Governor modes. The frequency controller is acting in isochronous mode. The first response to a load change is droop action. The controller then detects and corrects the frequency error by adjusting the set point. This happens with an increase or decrease in the load. With 3% droop, the frequency error is 3% x 1% for every 1% change in load.
A 10% block load will result in a frequency error of 0.3%,
or a frequency of 49.85 Hz. During the following minute the frequency set point will be increased to 50.15%.
At steady state 100% load the frequency set point will be 51.5 Hz. The actual frequency will be 50 Hz.
The controller is sending the same control signal to all the steam turbines and they act together as one 75 MVA turbine.
The gas turbine is likely running with less droop than the steam turbine controller.
For example, with all machines running in droop, if the gas turbine runs 3% droop and the steam turbines run 6% droop the gas turbine will be 100% loaded when the steam turbines are 50% loaded. This would appear to limit the maximum load to 50 MVA +(75 MVA x 0.5) = 87.5 MVA What actually happens is the output of the gas turbine should be limited to 100% by the maximum fuel supply and the frequency drops enough further that the droop settings of the steam turbines will pick up the rest of the load.
Remember that the first response of an isochronous system is droop. All machines will respond to block loading as if they were in droop mode. Then the ischronous feature will adjust the set point of the steam turbines and the GT will drop back to base load.
In regards to the spike loading of the gas turbine, that is normal. If the percentage load increase on the GT is disproportionate then consider:
The GT may be running less droop than the STs.
More likely, the GT control system has a faster response time than the control system on the STs.
In the event of a steam turbine trip, the GT is probably already in droop mode and will continue to run in droop.
Droop = proportional plus offset.
Isochronous = droop plus reset, or proportional plus reset (and possibly pre act) or proportional plus integral (and possibly derivative).

Bill
--------------------
"Why not the best?"
Jimmy Carter
 
Thanks Bill for your excellent description of speed droop and load sharing of islanded generators.

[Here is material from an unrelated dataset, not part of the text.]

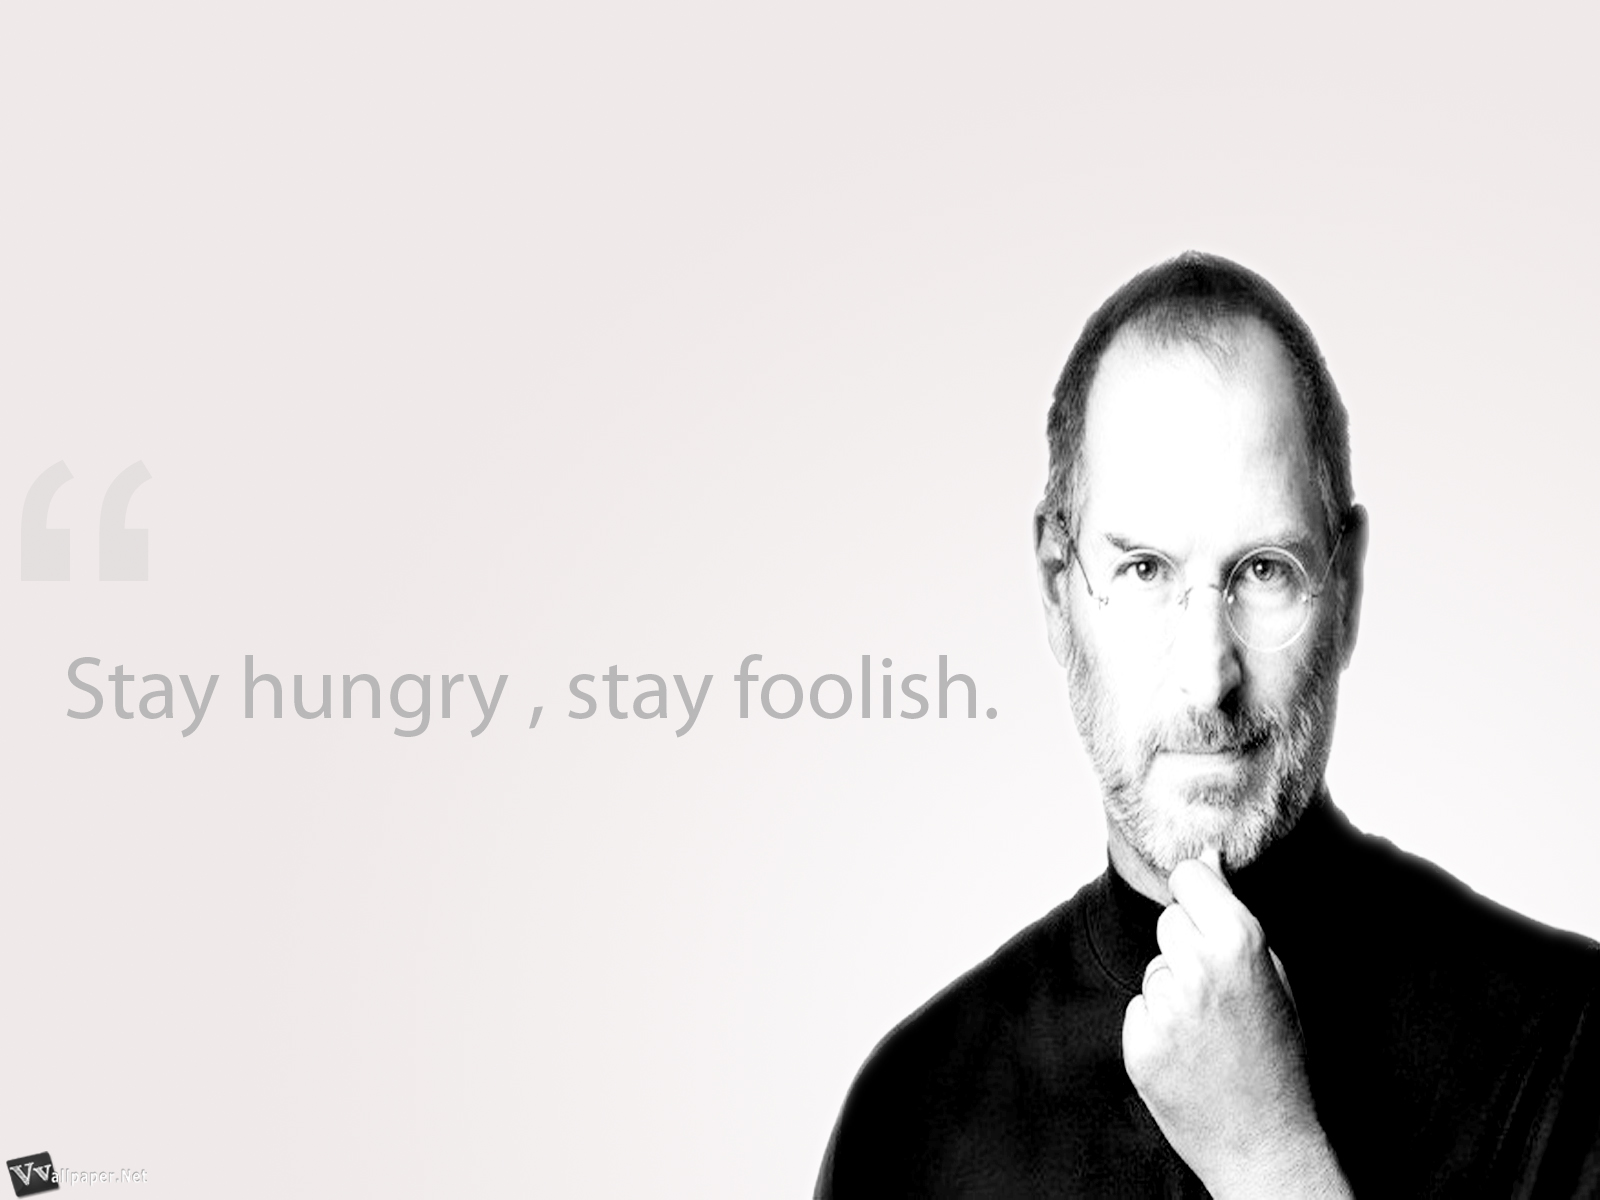 Steve Jobs HD Wallpaper And Quotes In For
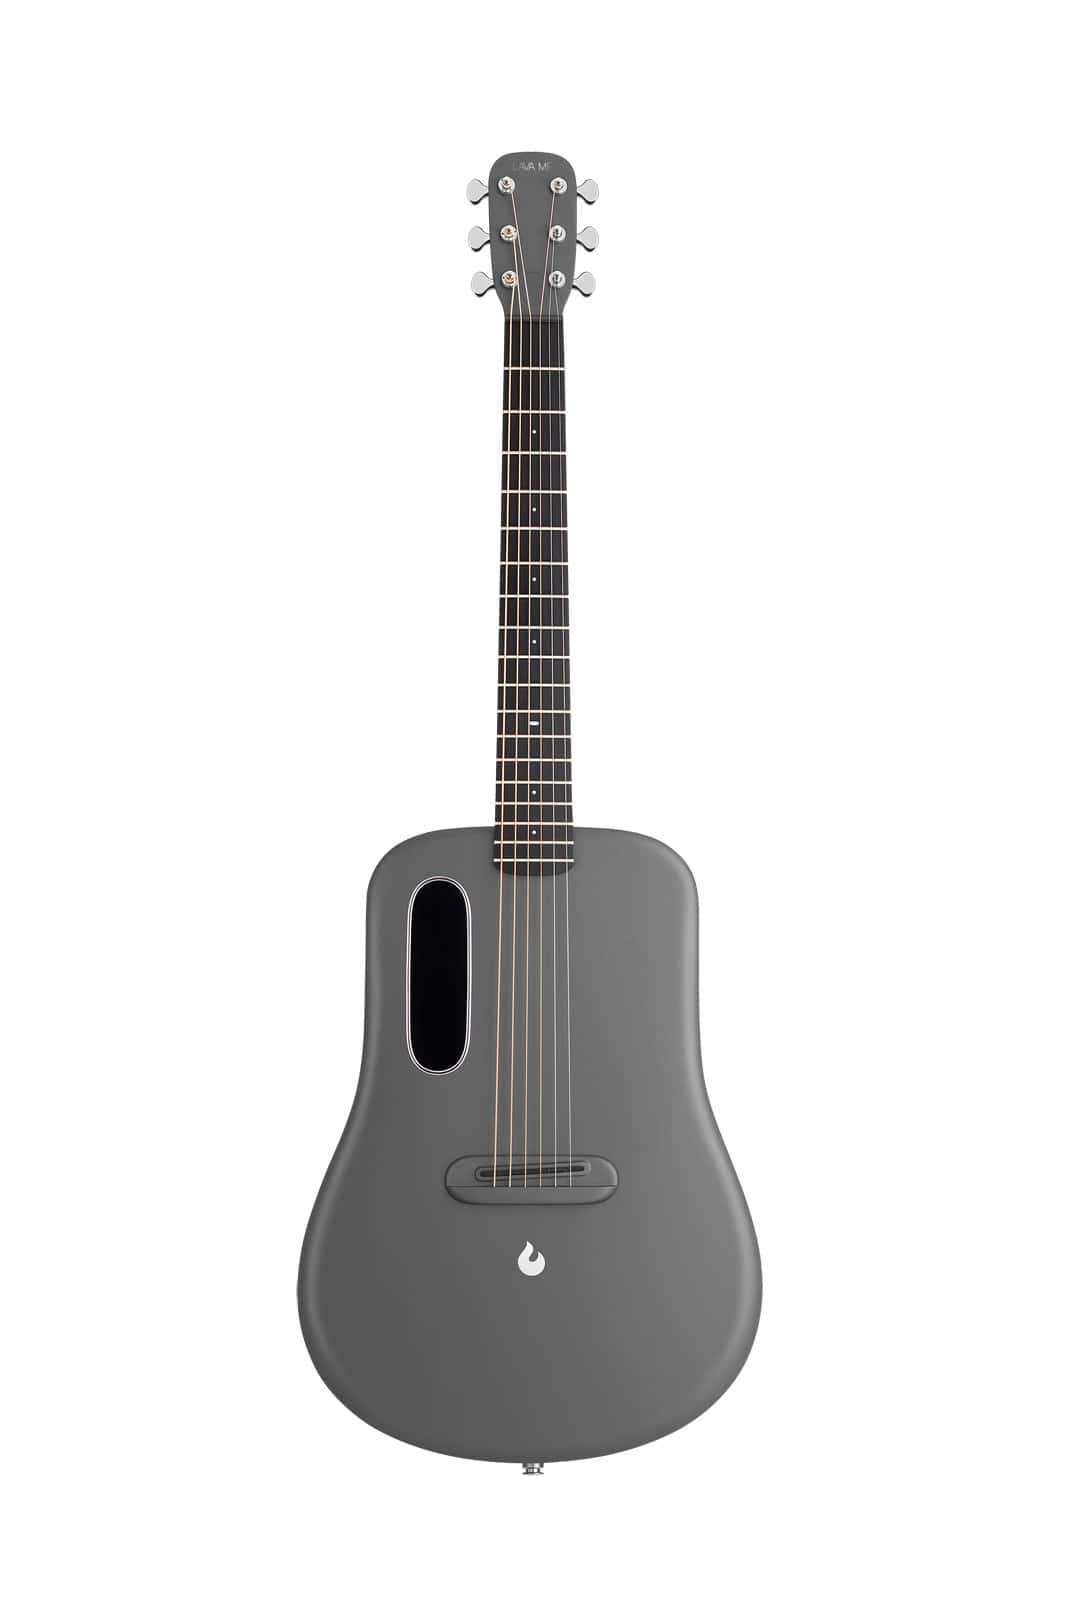 LAVA MUSIC LAVA ME 4 CARBON SERIES 38'' SPACE GREY - WITH SPACE BAG

To confirm my understanding of your example where the GT supplies 100% of its rated MW at the desired 50Hz, while the ST supplies 50% of its rated MW at 50 Hz due to a 3% and 6% speed droop respectively I have attached a speed droop diagram of the GT and ST.
The diagram assumes :
• GT has a fixed no-load-frequency-set-point of 51.5Hz and a speed droop setting of 3%
• GT has a fuel limit setting which limits GT output to 100% of GT MW rating. ( corresponding to 50Hz )
• ST has a variable no-load-frequency-set-point which is controlled by the frequency controller, and that the ST has a speed droop of 6%.

Can you please confirm my conclusions :

1. The GT supplies constant base load of 100% GT rating only while the sum of plant load is equal or greater than the sum of 100% MW rating of GT plus 50% MW rating of ST. This is because the GT max fuel setting corresponds to 100% of GT MW rating. Extra load is taken by the ST.

2. If a step reduction in plant load to below 100% GT + 50% ST occurs, the frequency of all generators will increase. If before the frequency controller has had time to reduce the ST no-load-freq-set-point, a step load increase occurs, the GT will supply most of the increase until it reaches 100% of GT rating, at which time the ST will take the extra load.

3. The frequency controller will eventually respond and increase the no-load-freq-set-point of the ST and increase the frequency of all generators to 50Hz.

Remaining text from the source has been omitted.